- **Directions**: Copy the listing below exactly, but skip the pictures.

** Available data follows **

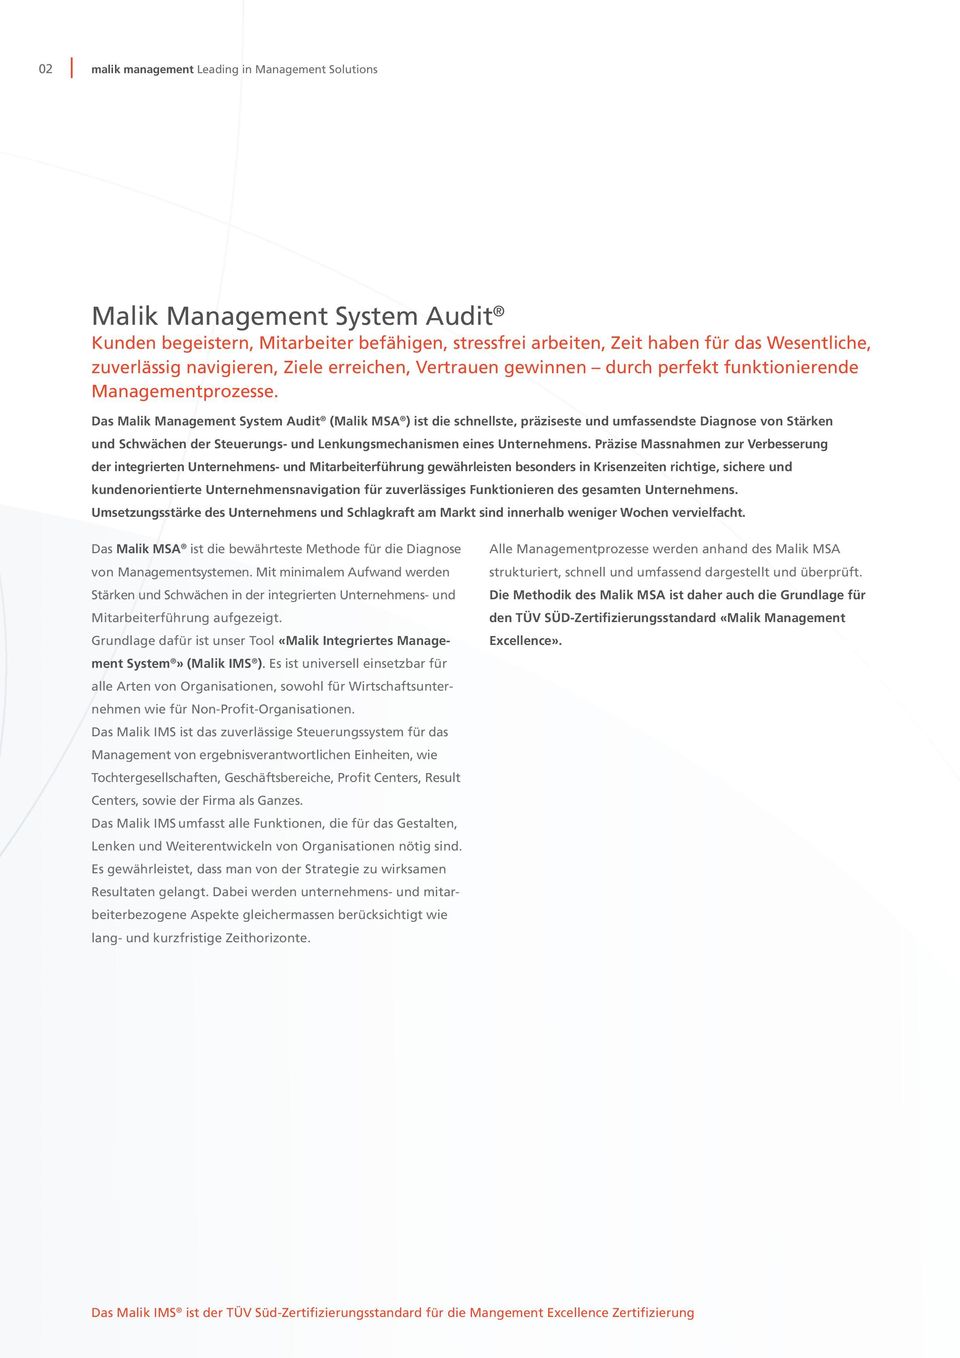 Das Malik Management System Audit (Malik MSA ) ist die schnellste, präziseste und umfassendste Diagnose von Stärken und Schwächen der Steuerungs- und Lenkungsmechanismen eines Unternehmens.
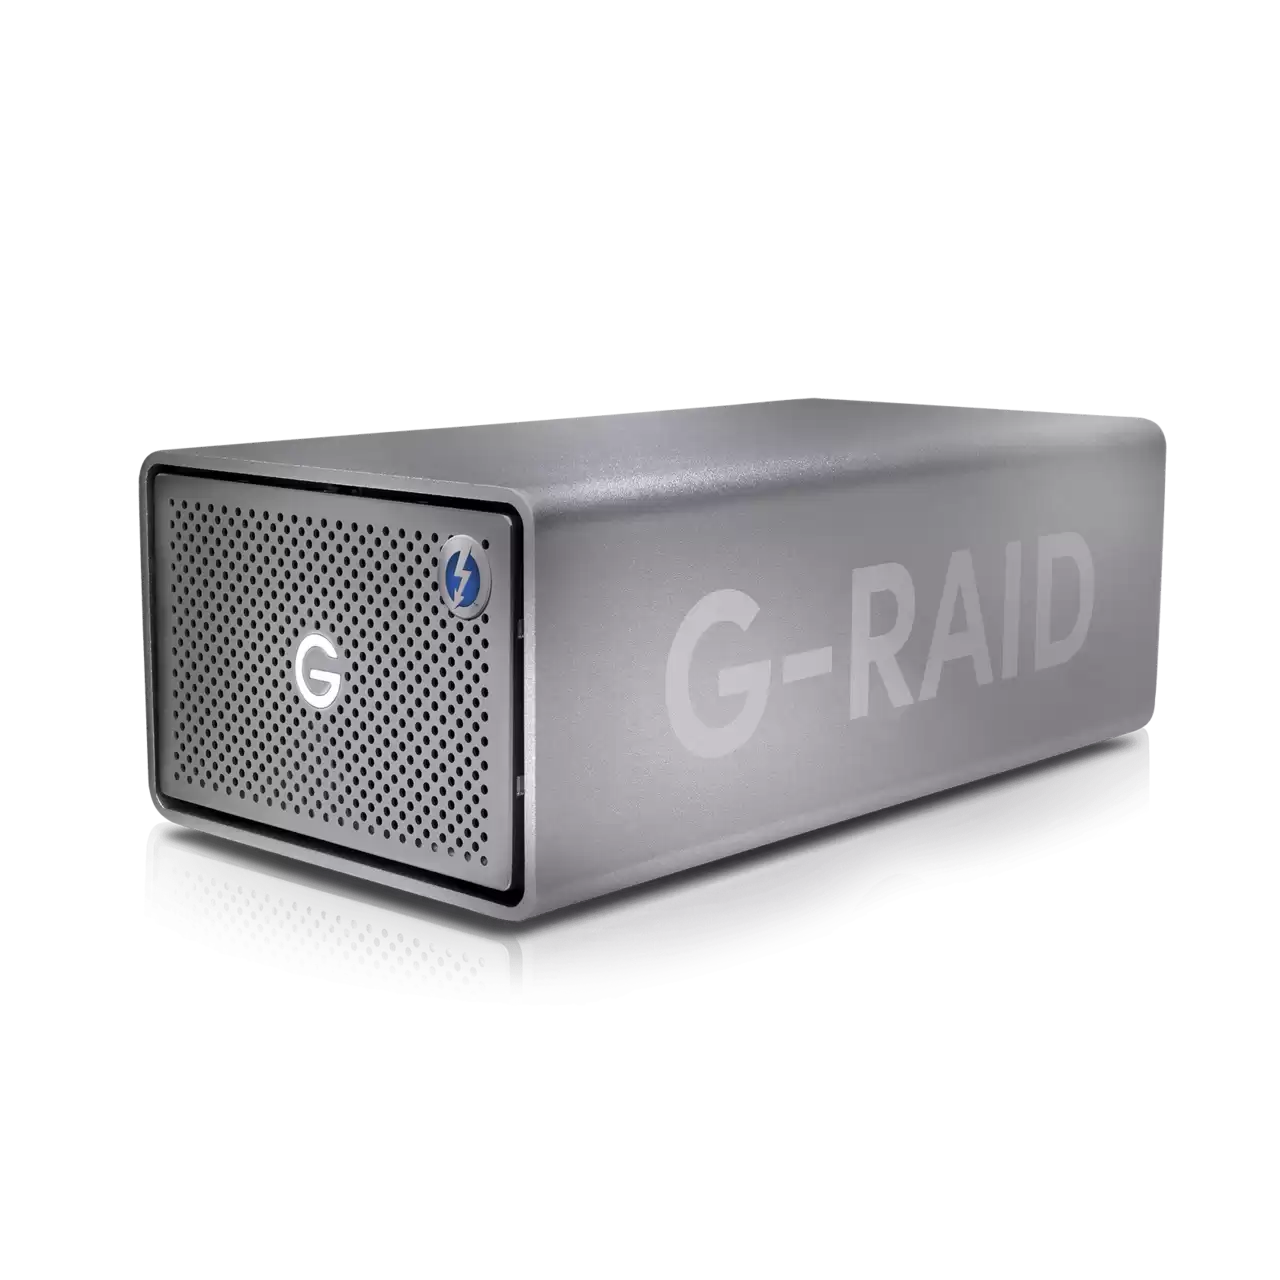 G-RAID 2 12TB USB 
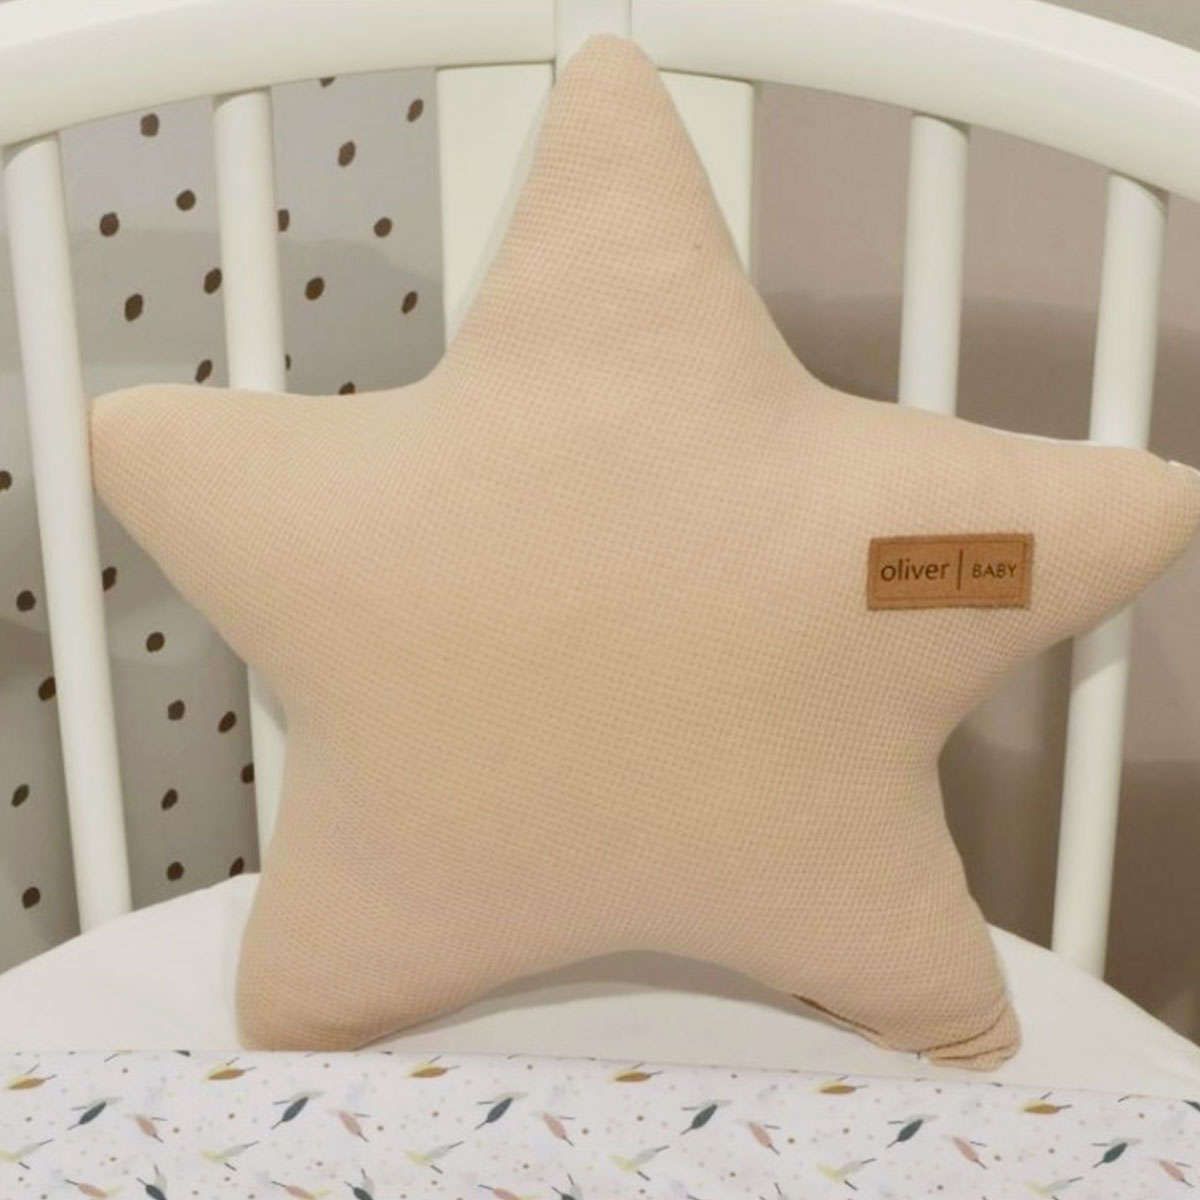 Διακοσμητικό μαξιλάρι Αστέρι des.404 beige baby oliver
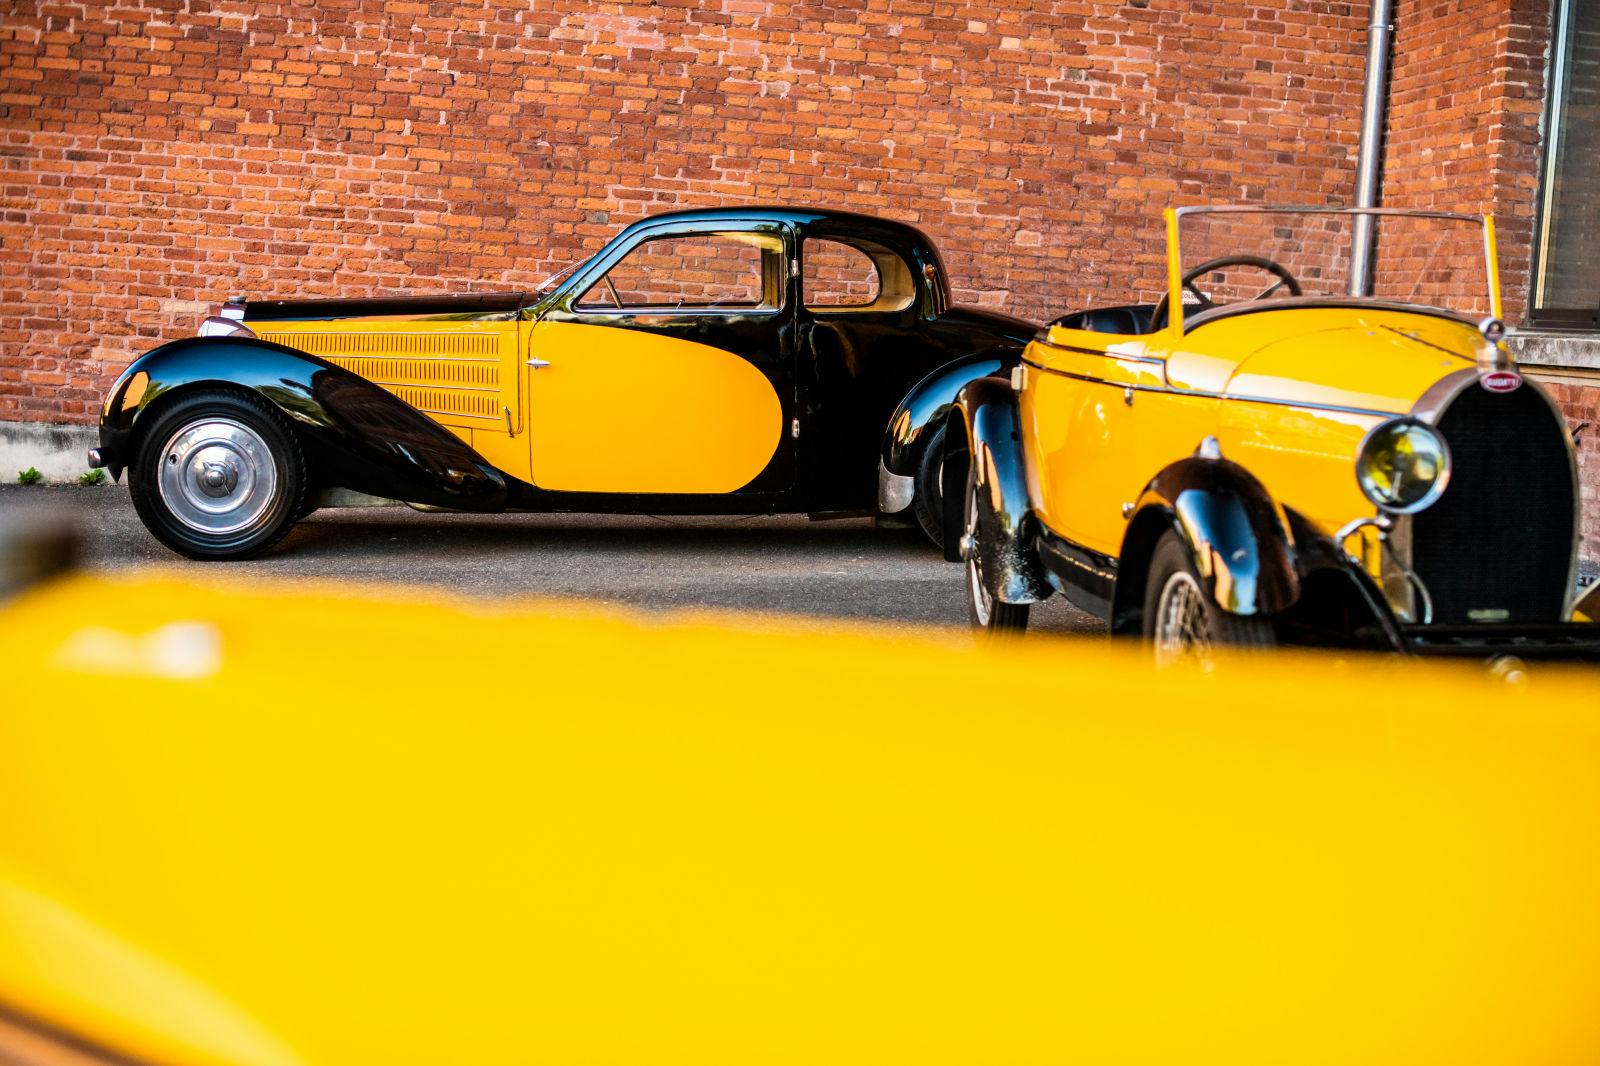 Les couleurs préférées d’Ettore Bugatti : le noir et le jaune.

** End of Available data **

- **Reply**:
 Das Malik Management System Audit (Malik MSA ) ist die schnellste, präziseste und umfassendste Diagnose von Stärken und Schwächen der Steuerungs- und Lenkungsmechanismen eines Unternehmens.
 G-RAID 2 12TB USB 
 Διακοσμητικό μαξιλάρι Αστέρι des.404 beige baby oliver
 Les couleurs préférées d’Ettore Bugatti : le noir et le jaune.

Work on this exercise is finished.